A word-for-word copy of the lines below, starting at the line with "My Ultimate Spotify Workout Playlist" and ending at the last one, is what you should give. Omit every picture.

* _GIVEN DATA_:
--- START ---

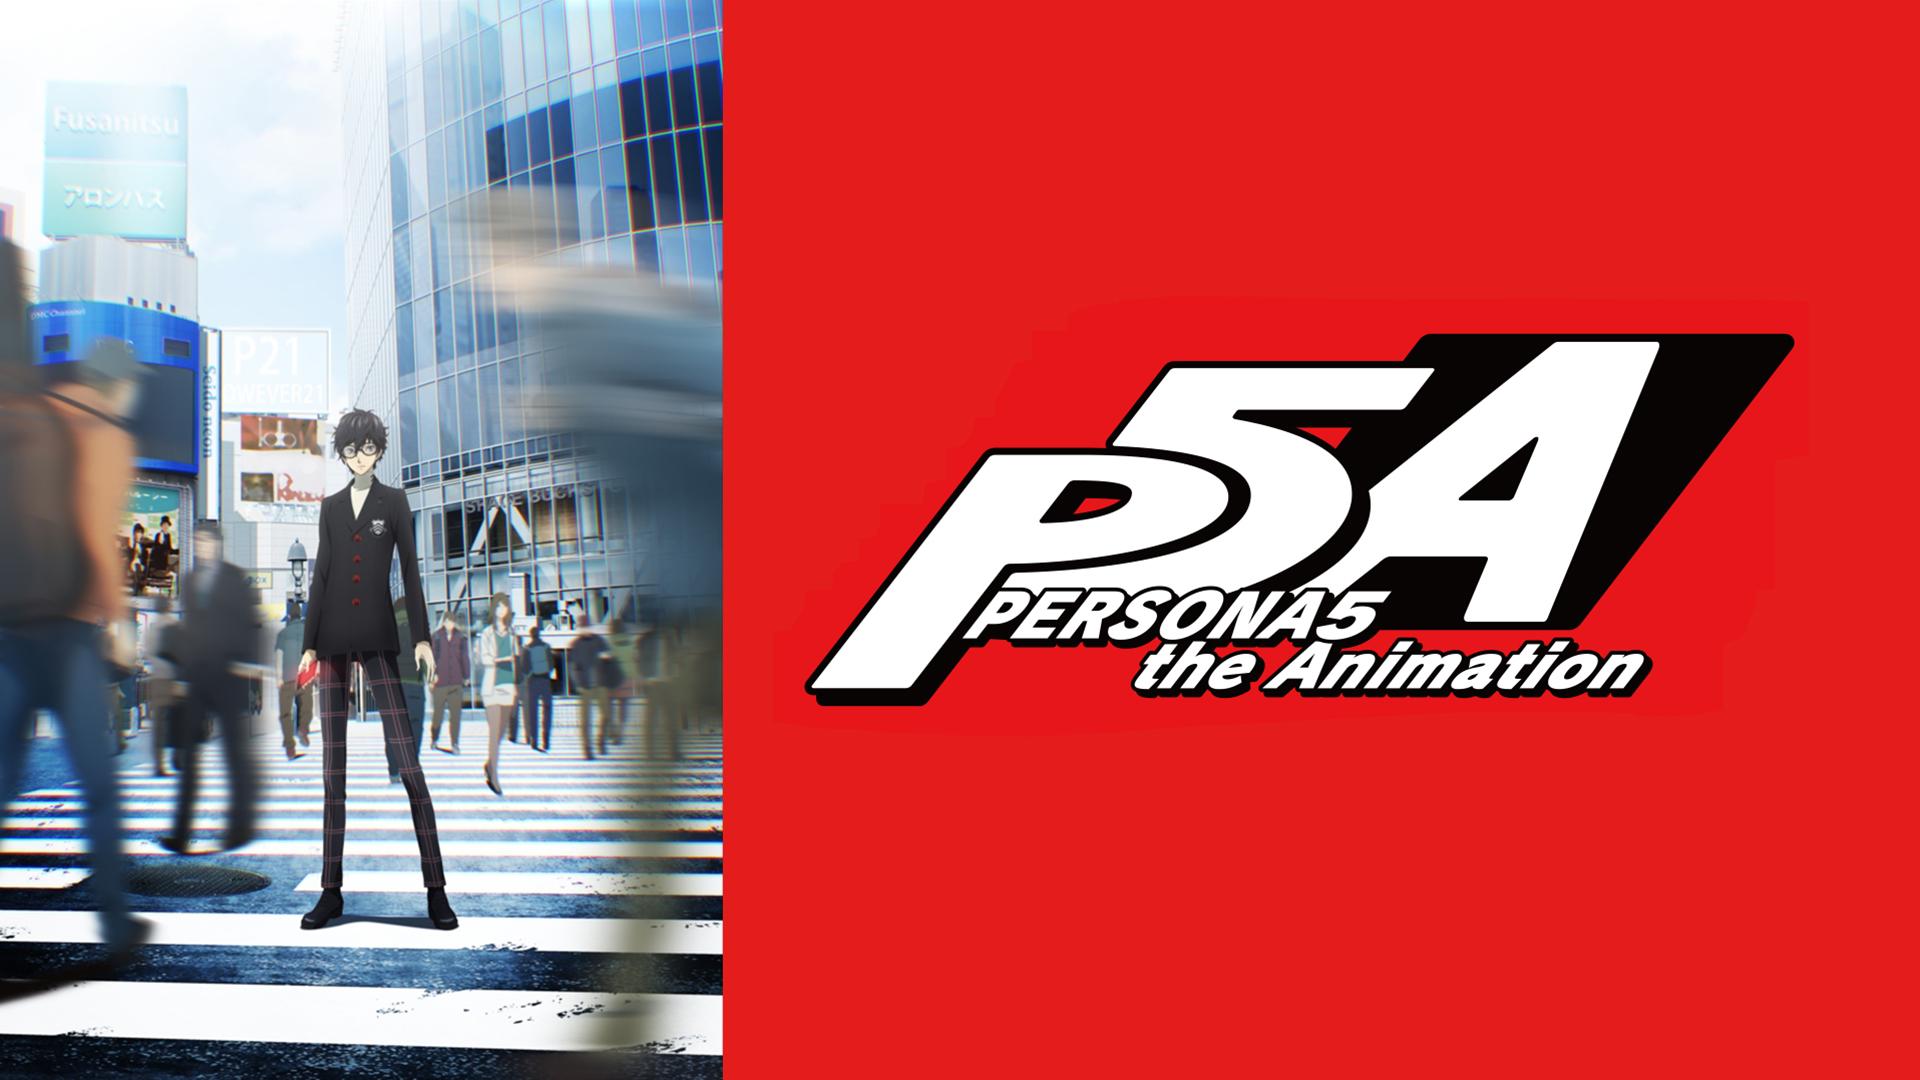 アニメ『ペルソナ 5』無料動画まとめ!1話から最終回を見逃しフル視聴できるサイトは?
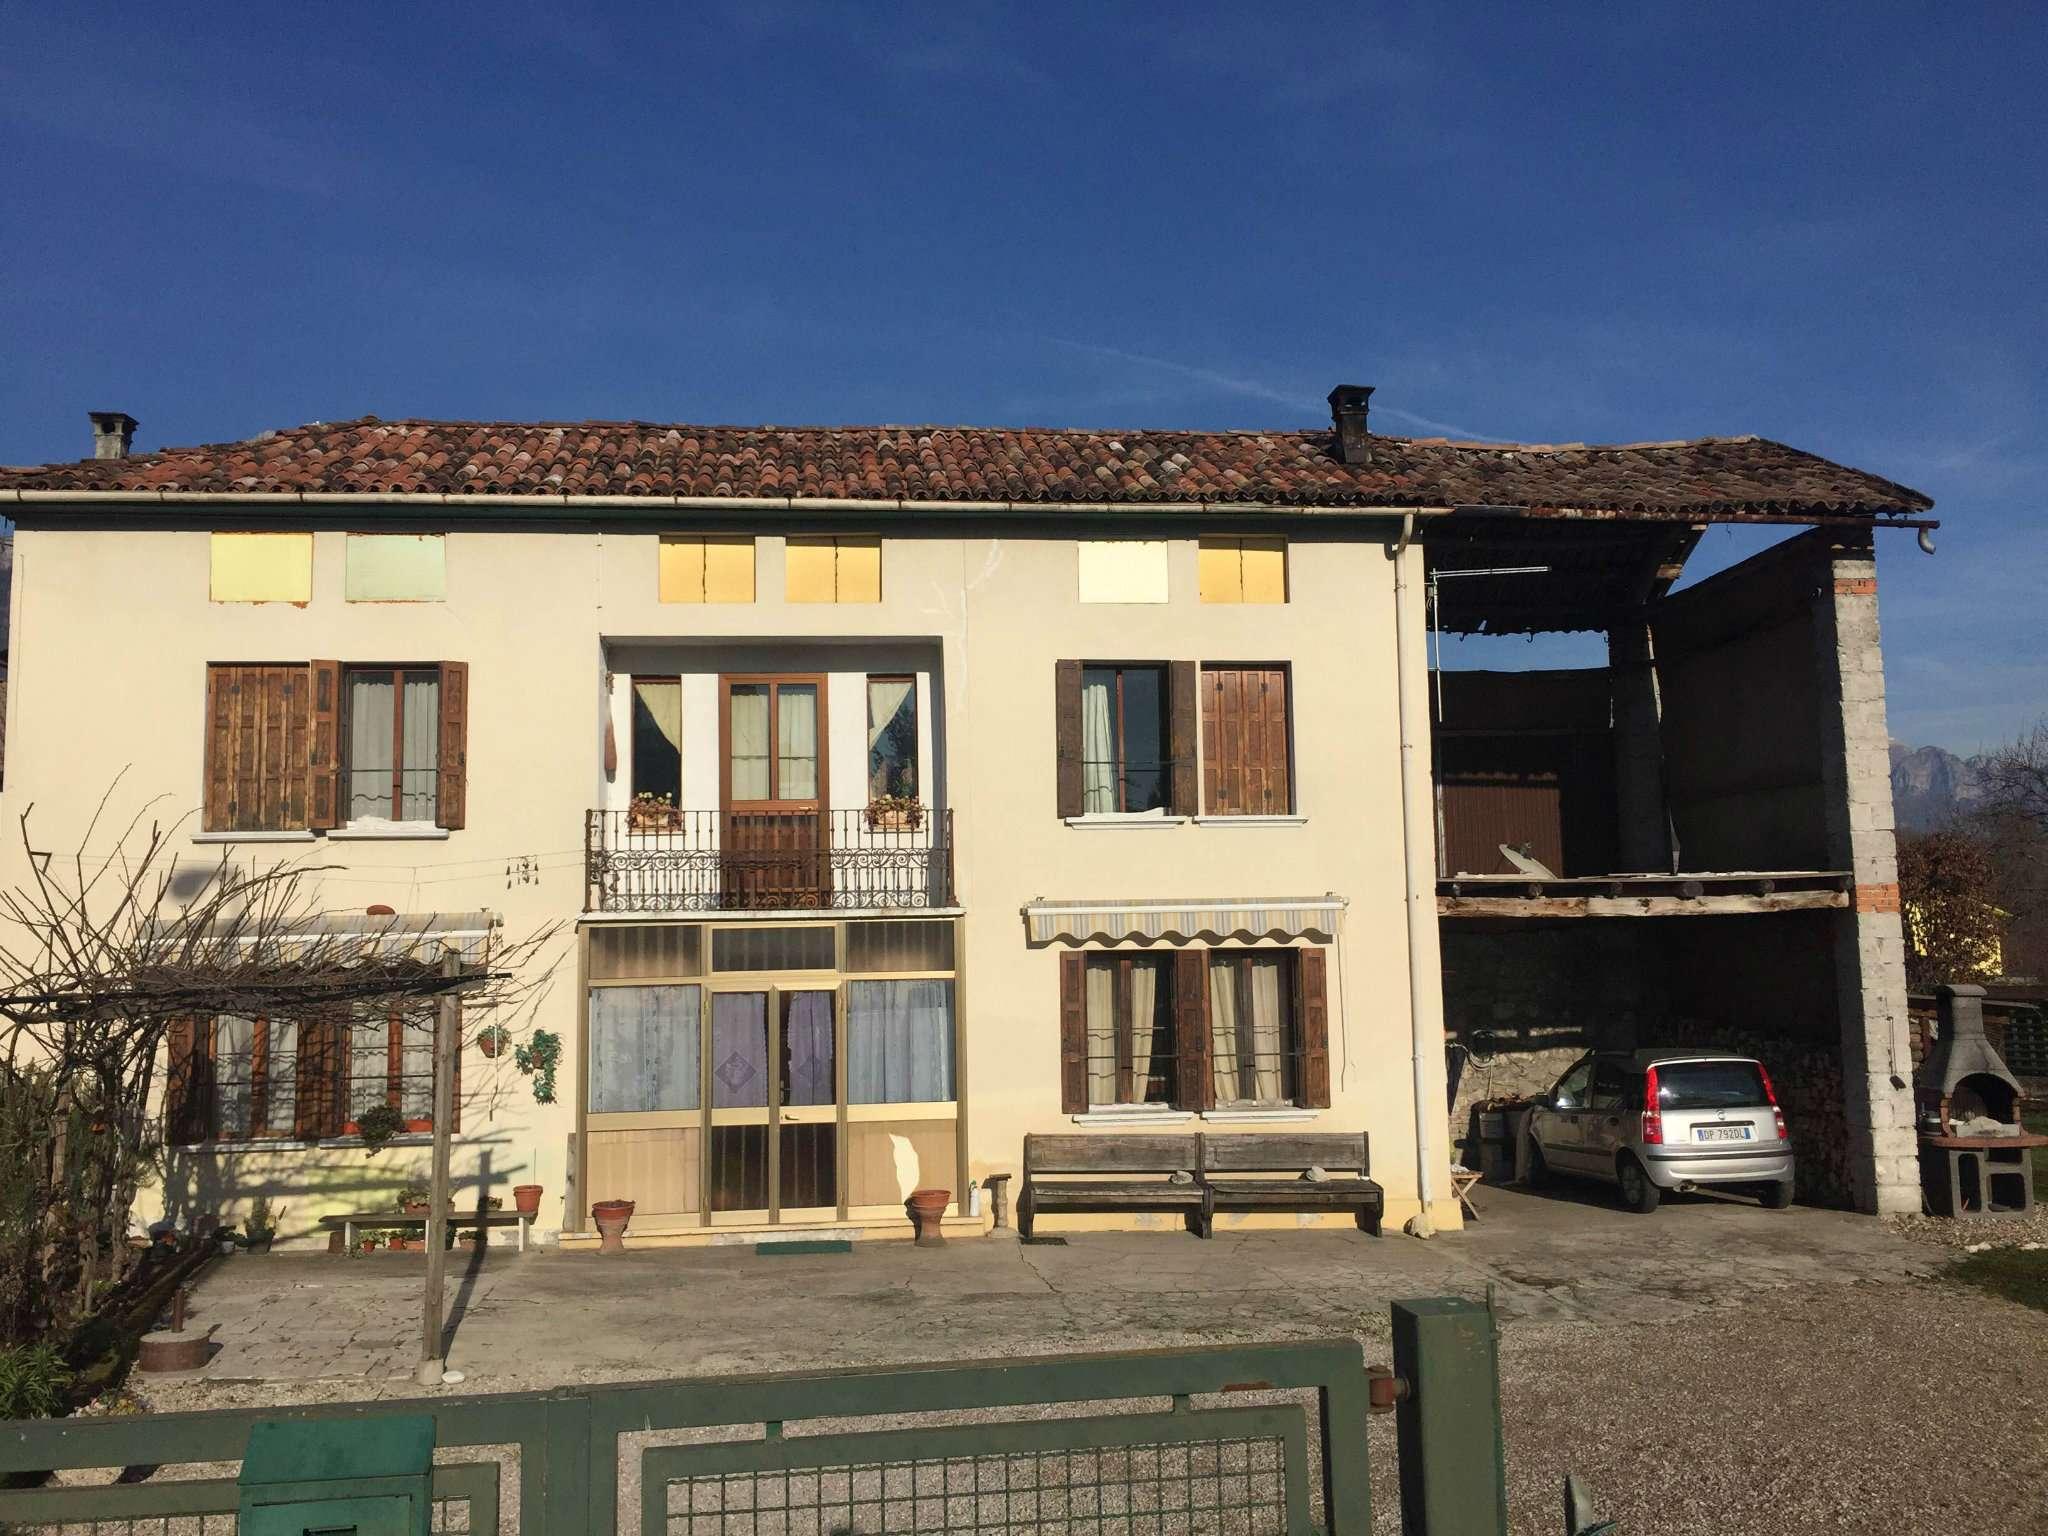 Soluzione Indipendente in vendita a Santa Giustina, 11 locali, prezzo € 105.000 | CambioCasa.it
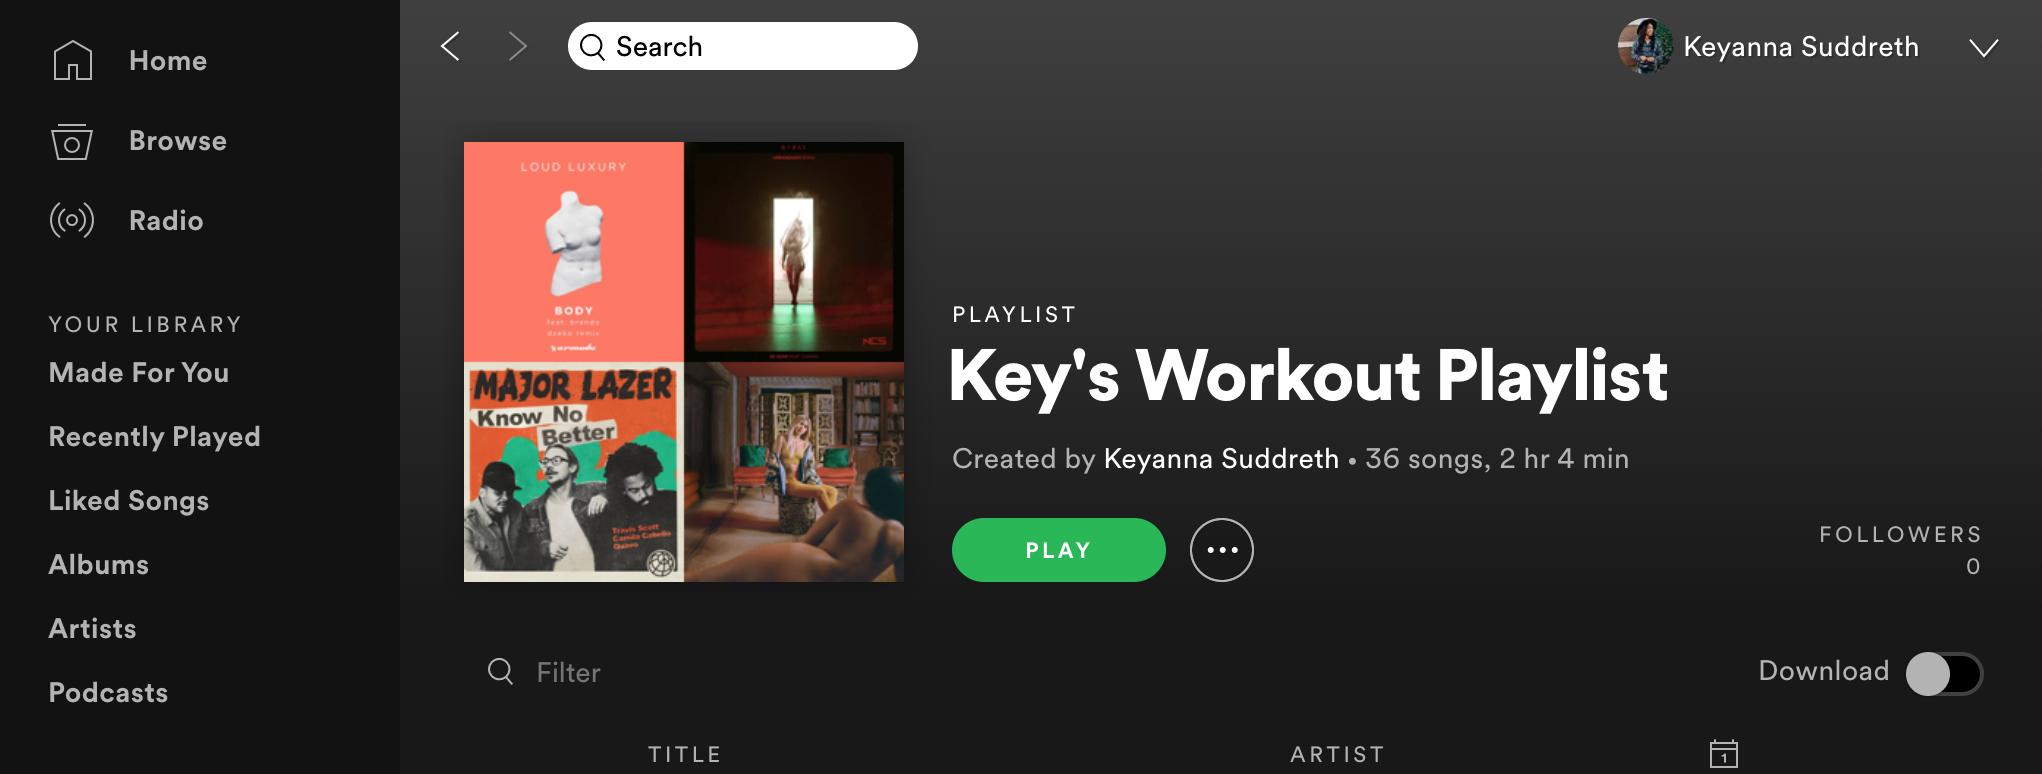 My Ultimate Spotify Workout Playlist
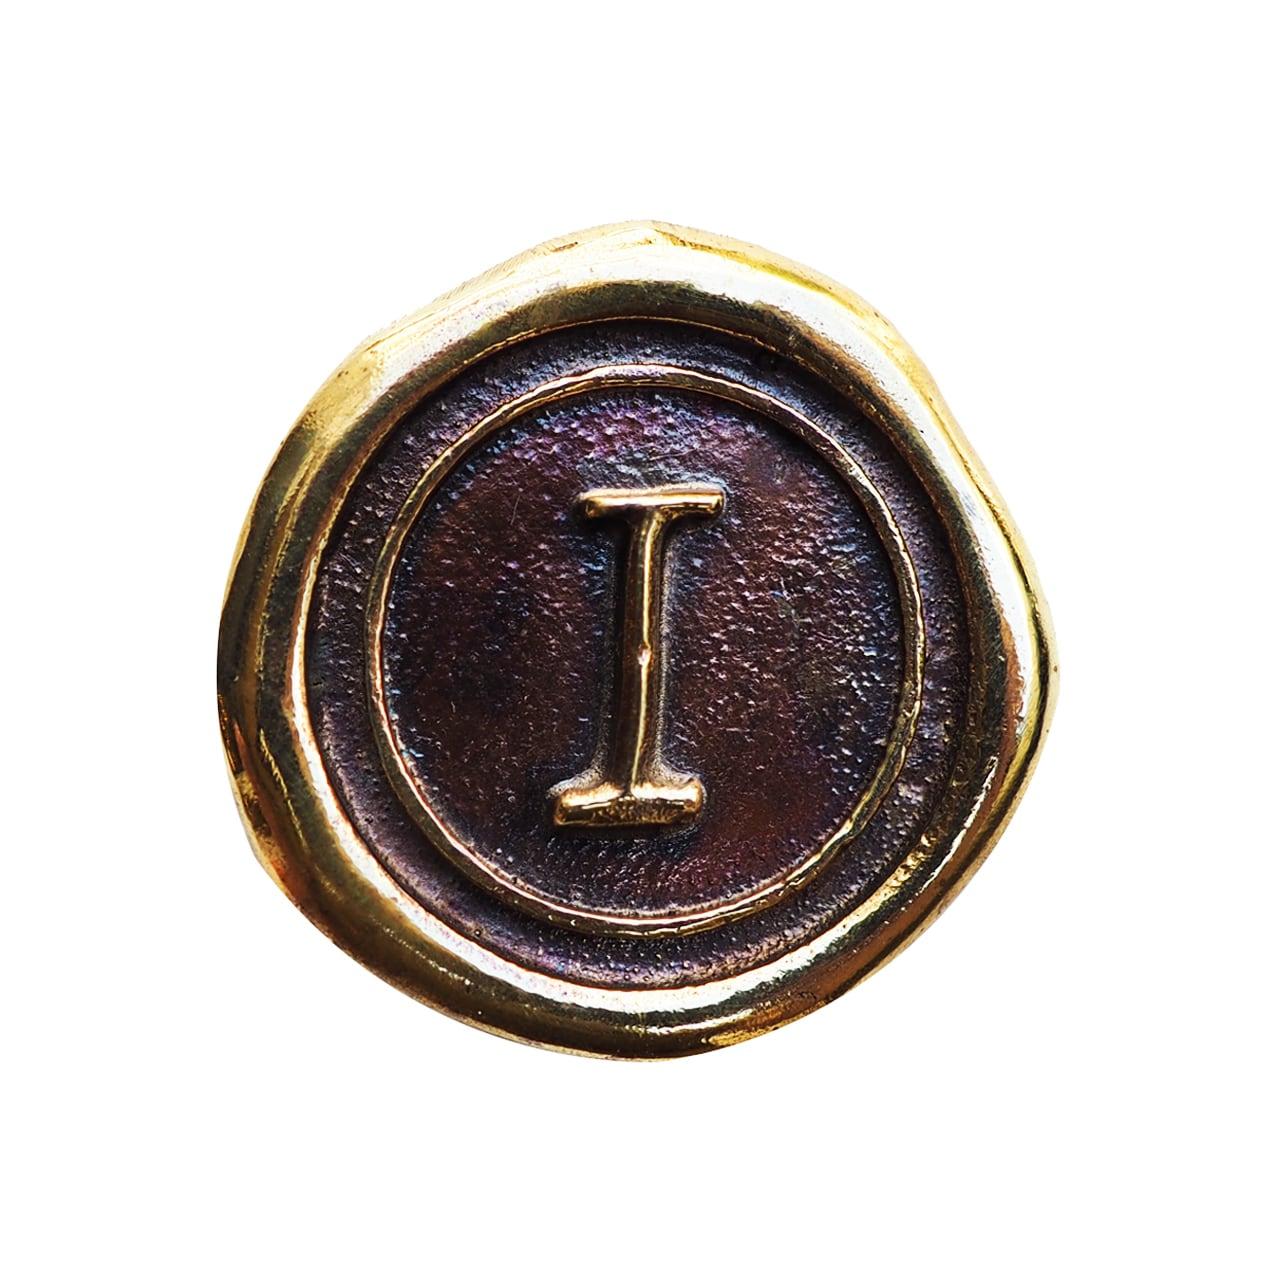 シーリングイニシャル S 〈I〉 ブラス / コンチョボタン

--- END ---

* _OUTPUT BELOW_:
 My Ultimate Spotify Workout Playlist
 シーリングイニシャル S 〈I〉 ブラス / コンチョボタン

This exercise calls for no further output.